I begin this collection with an homage to Marianne Hirsch, without whom these discussions would not be possible. In many ways Marianne’s fingerprints are all over this issue. Many of those involved in this project were introduced to each other through Marianne. Moreover, many of the contributors to this issue were fortunate enough to have spent time together in Hanover, New Hampshire in the spring of 1996 attending and participating in the conference “Family Pictures/Shapes of Memory” (NovakLeonardHirschOstLevitt), others were also a part of the exhibition “The Familial Gaze,” that was on view at the time of the conference at the Hood Museum of Art at Dartmouth College (NovakLeonard), an exhibit that Marianne also organized. 1

The papers presented at that conference become the basis of Marianne’s collection, The Familial Gaze, 2 for which I originally wrote this afterword.

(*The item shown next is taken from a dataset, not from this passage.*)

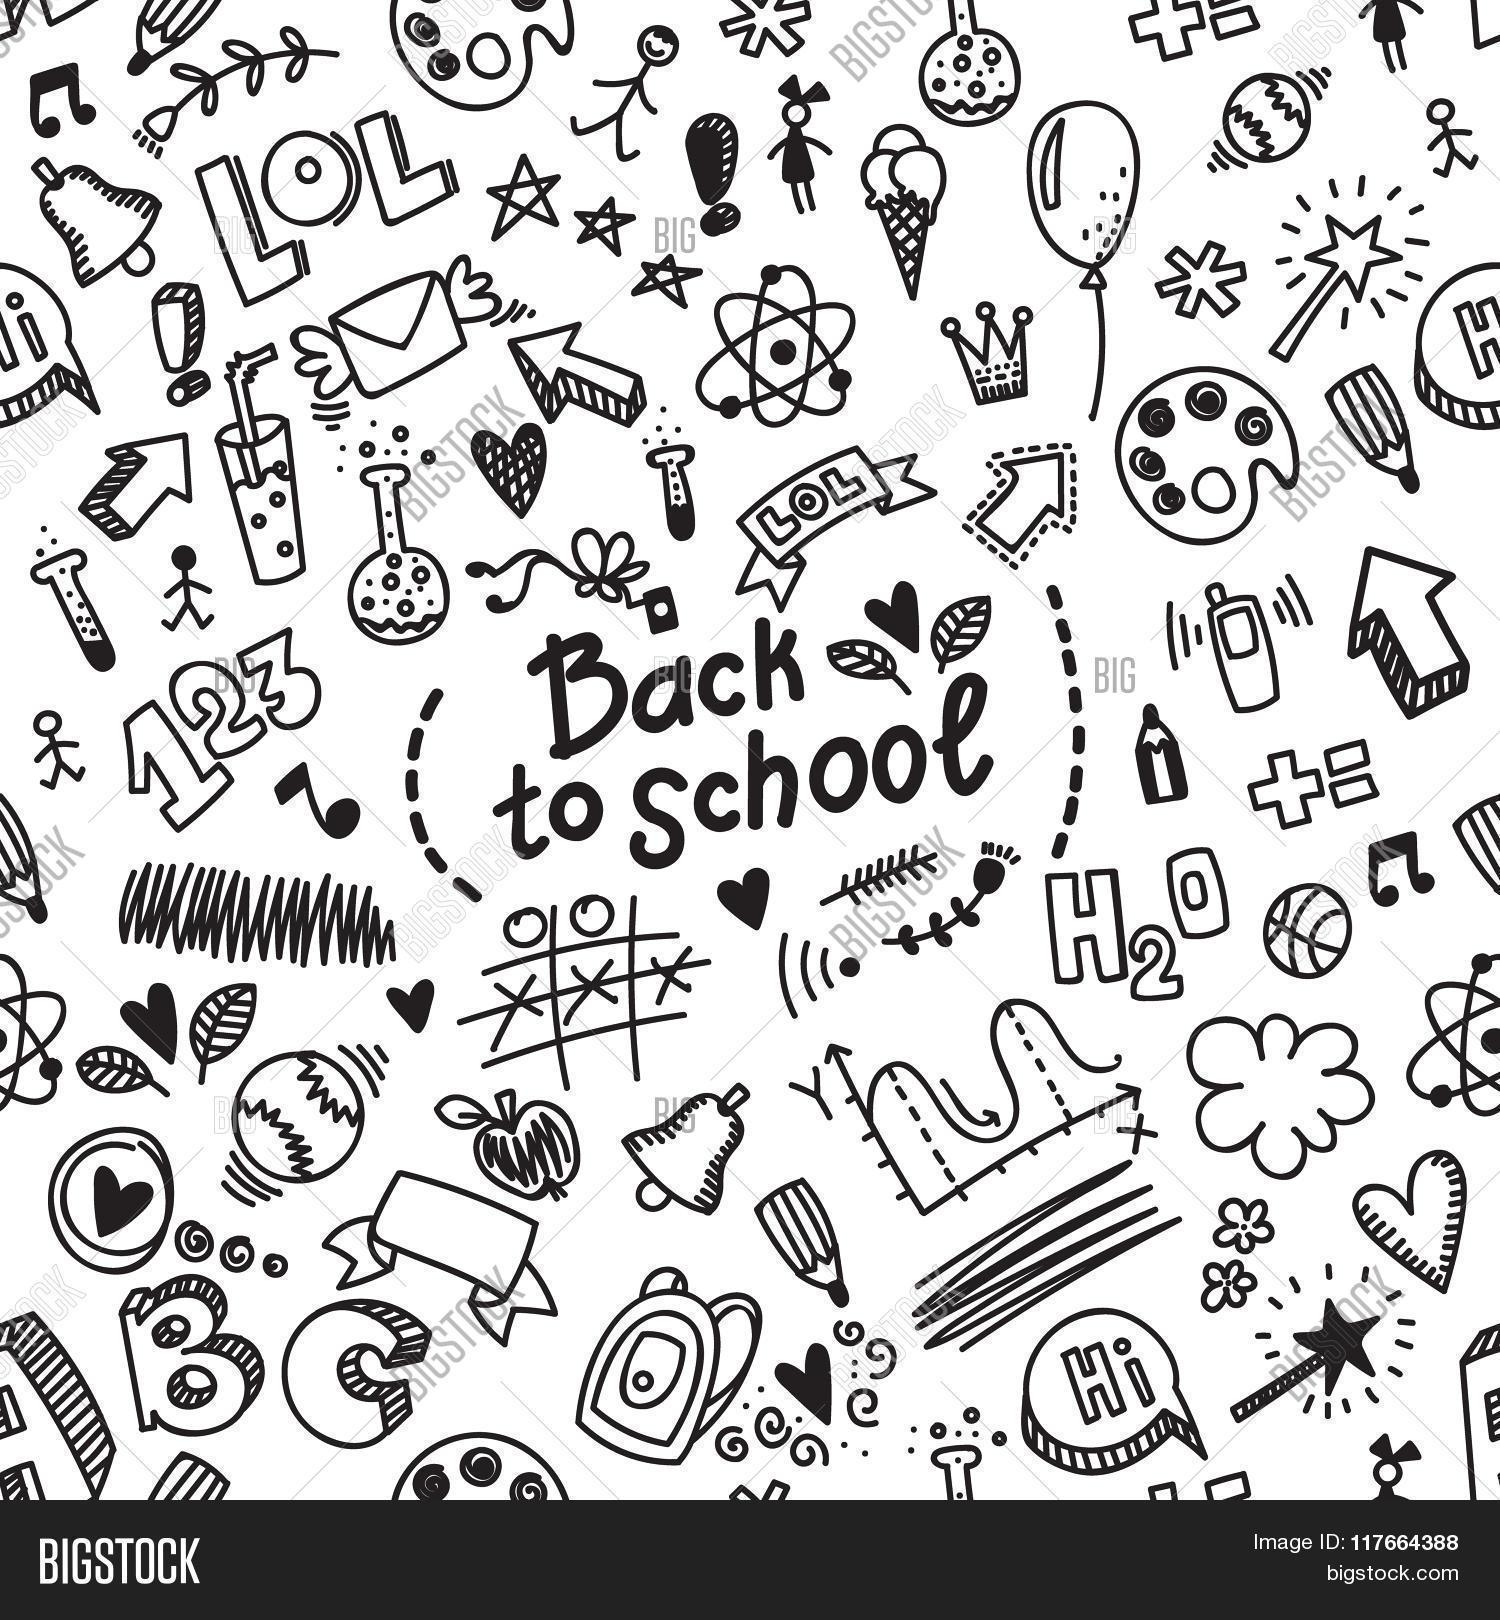 1500x1620 Drawn Background Back To School

At the time, I had been asked to review the manuscript for the press and suggested that the book needed a preface or an afterword to really call attention to the major contribution that Hirsch had made in bringing together such a diverse group of scholars and artists on this topic. It was with this in mind that, when asked to write an afterword myself, I wrote the words that follow. As it turned out, the afterword I published is a rather different essay. At the time, Marianne felt that the tone of this piece was too laudatory. She was uncomfortable having the piece included in a volume she had edited. It was embarrassing. Given this, I rewrote my essay.

All these years later, I found myself returning to this original afterword as I began to imagine putting together this special issue. Given the significance of Marianne’s contributions to the study of “the familial gaze,” her ongoing work in bringing together artists and scholars, and even, in this case, introducing me to Muriel Hasbun’s remarkable work, I wanted to acknowledge publicly my own and a collective indebtedness to Marianne and her insistence on the significance of family photographs.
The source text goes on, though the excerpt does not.